▸ **Working data**
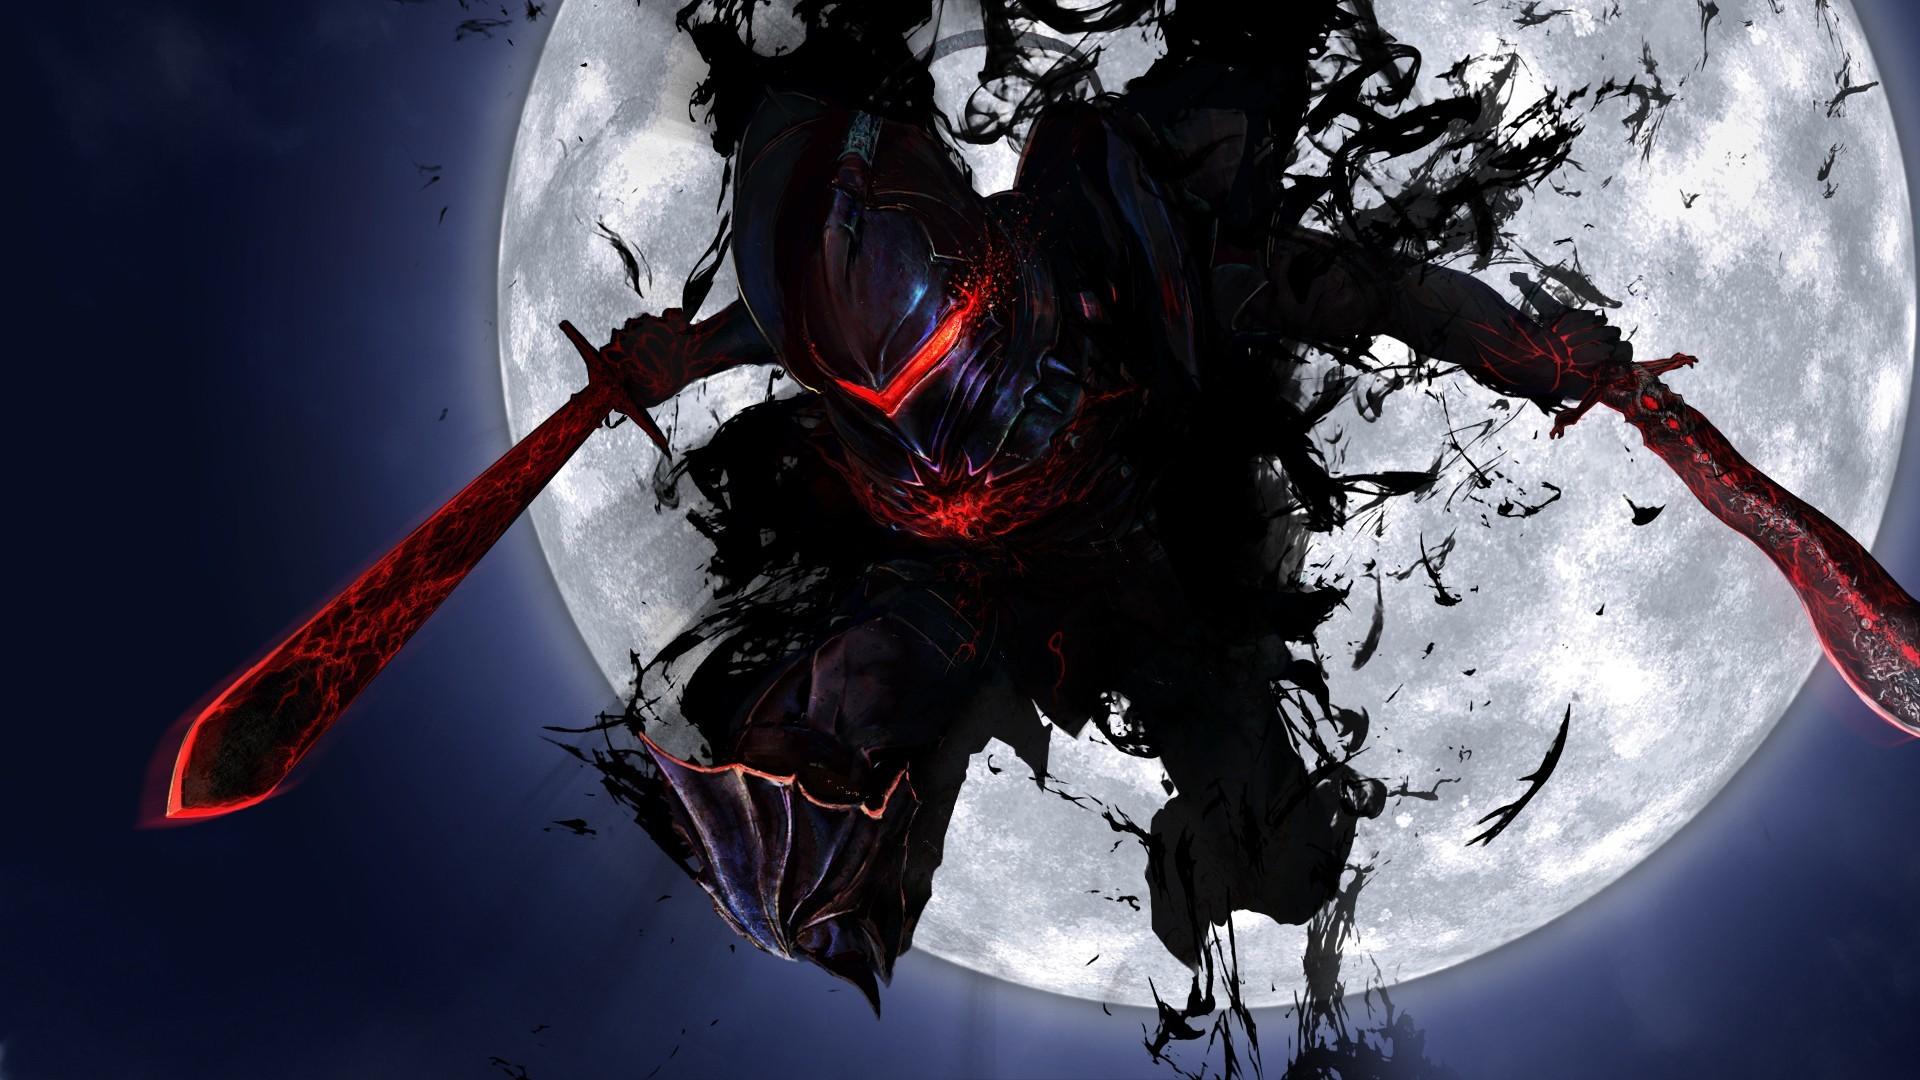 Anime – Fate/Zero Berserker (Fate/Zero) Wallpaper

* * *

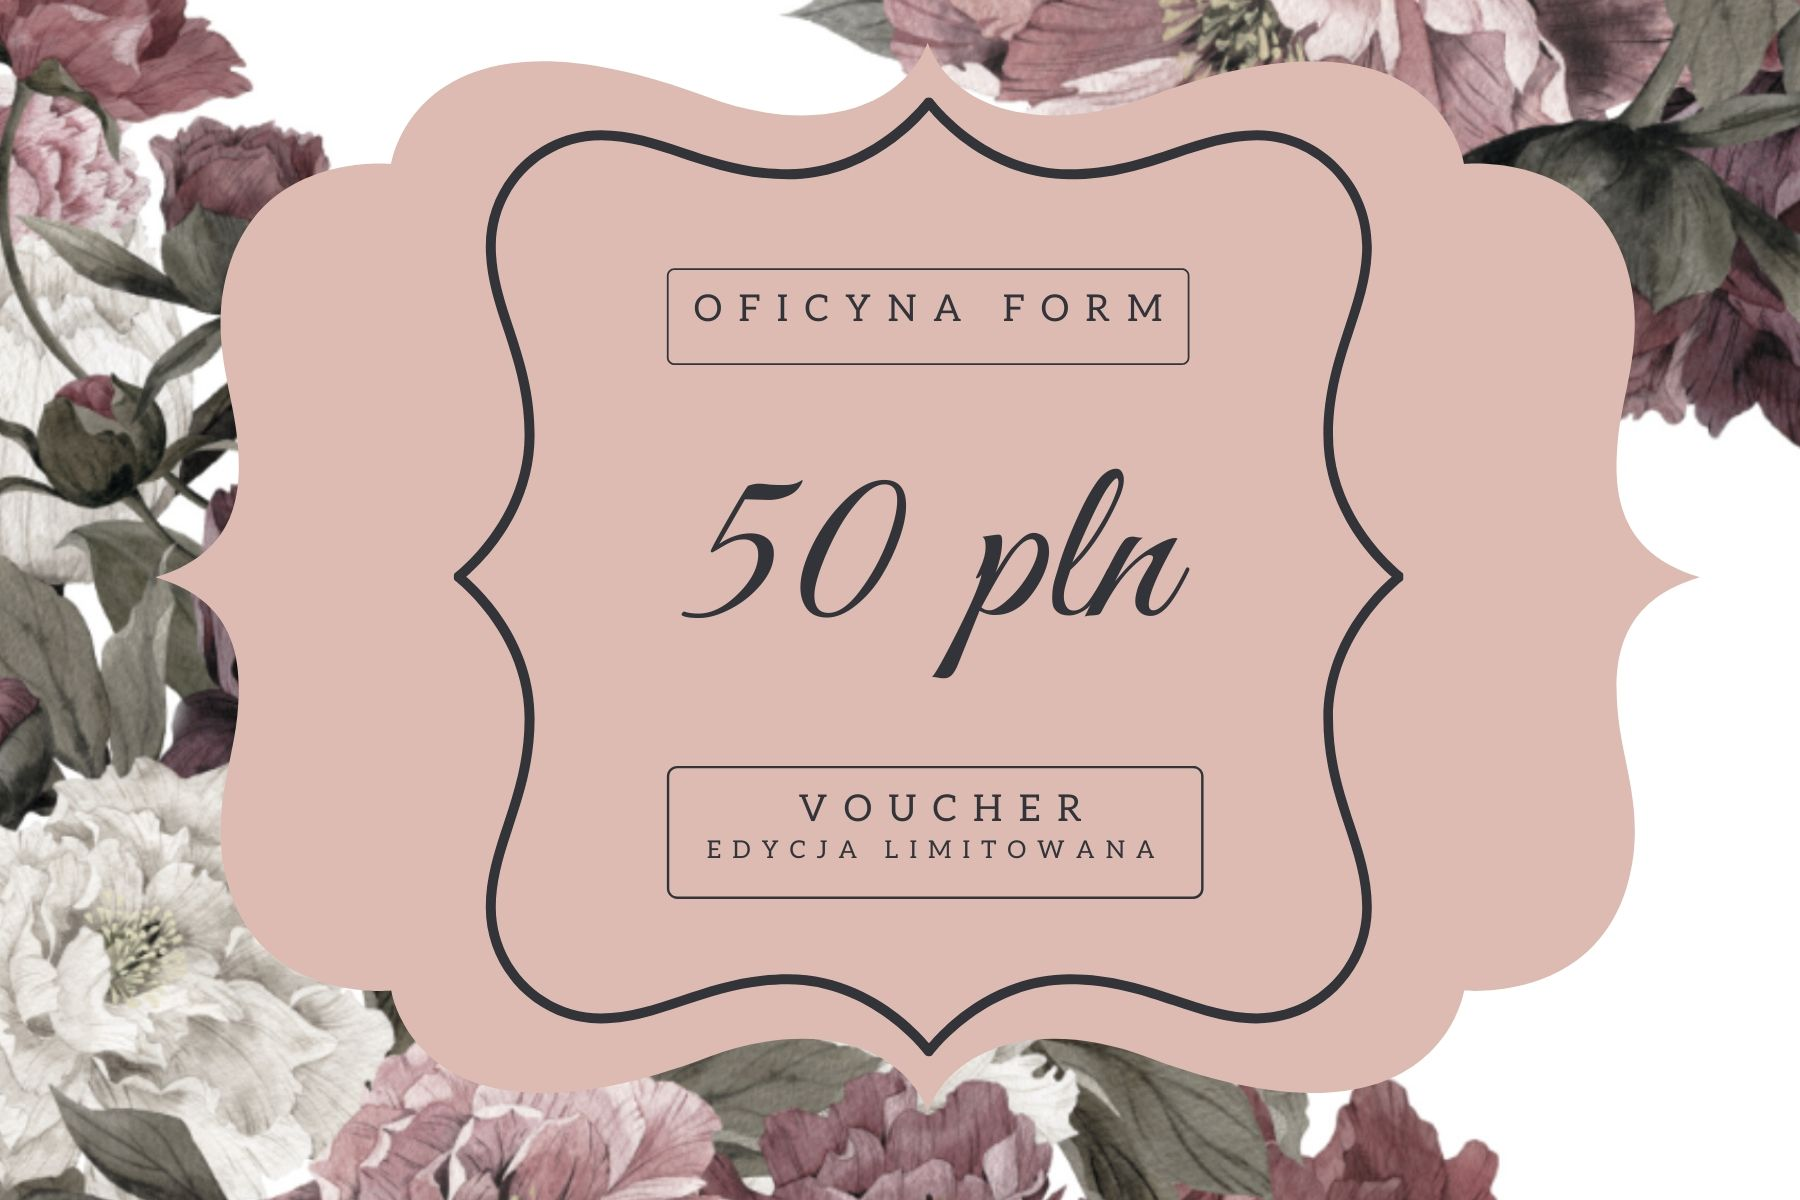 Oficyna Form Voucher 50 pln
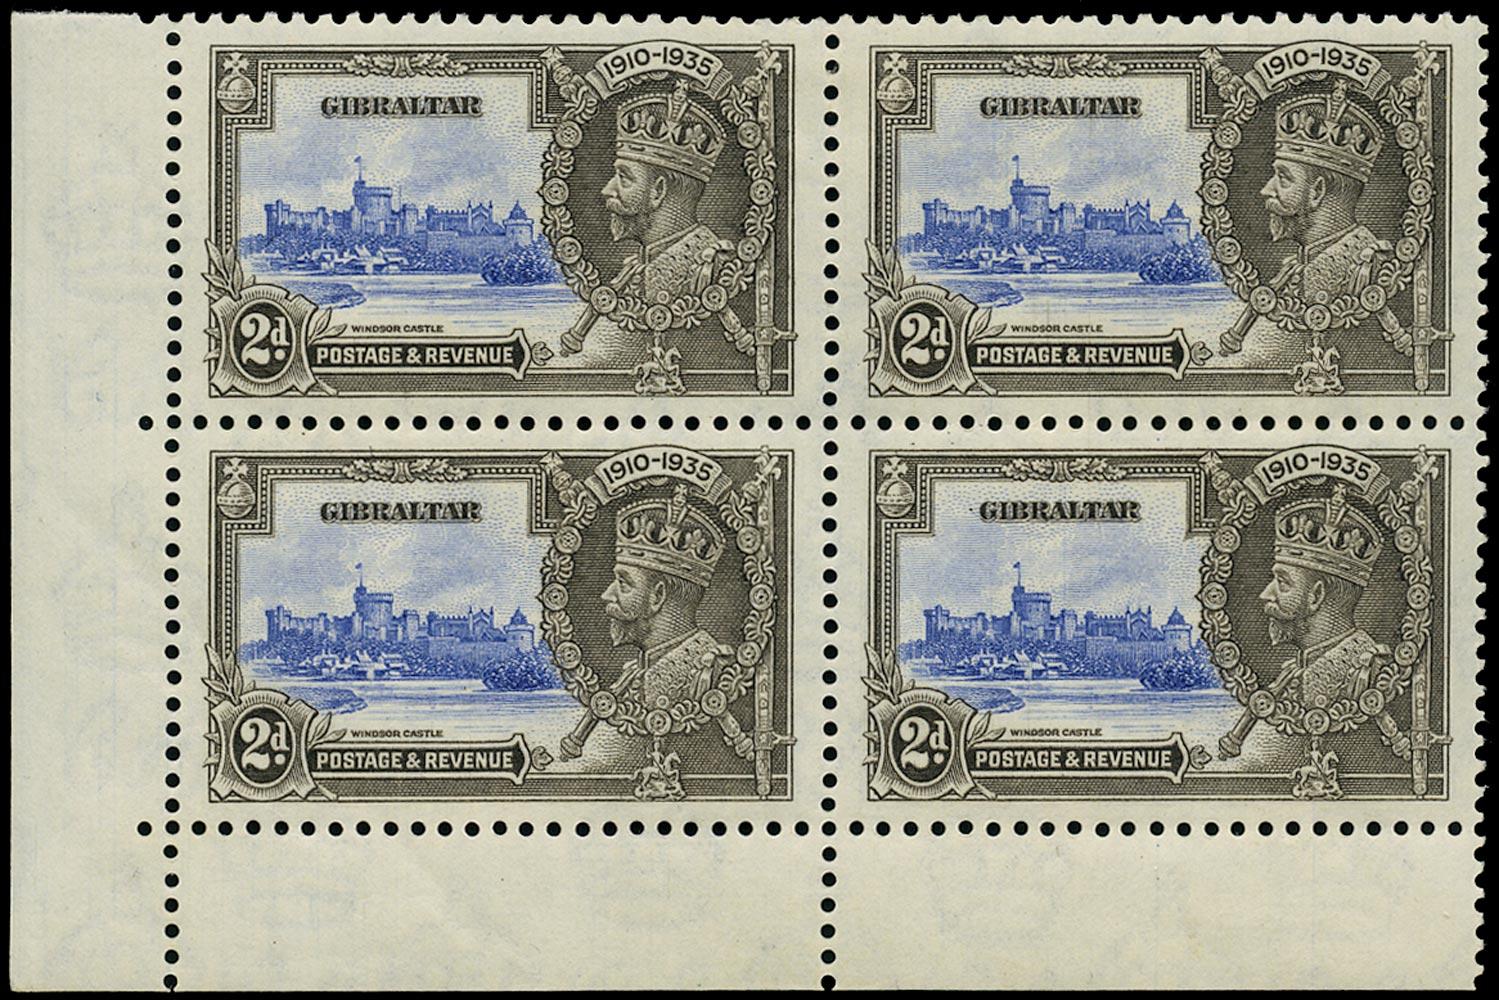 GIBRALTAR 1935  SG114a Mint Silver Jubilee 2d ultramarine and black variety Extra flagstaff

▸ **Exercise requirements**
In the listing above, find the line with "Oficyna Form Voucher 50 pln" and the line with "variety Extra flagstaff". Copy exactly those two and every line between, without the pictures.

▸ **Reply**
 Oficyna Form Voucher 50 pln
 GIBRALTAR 1935  SG114a Mint Silver Jubilee 2d ultramarine and black variety Extra flagstaff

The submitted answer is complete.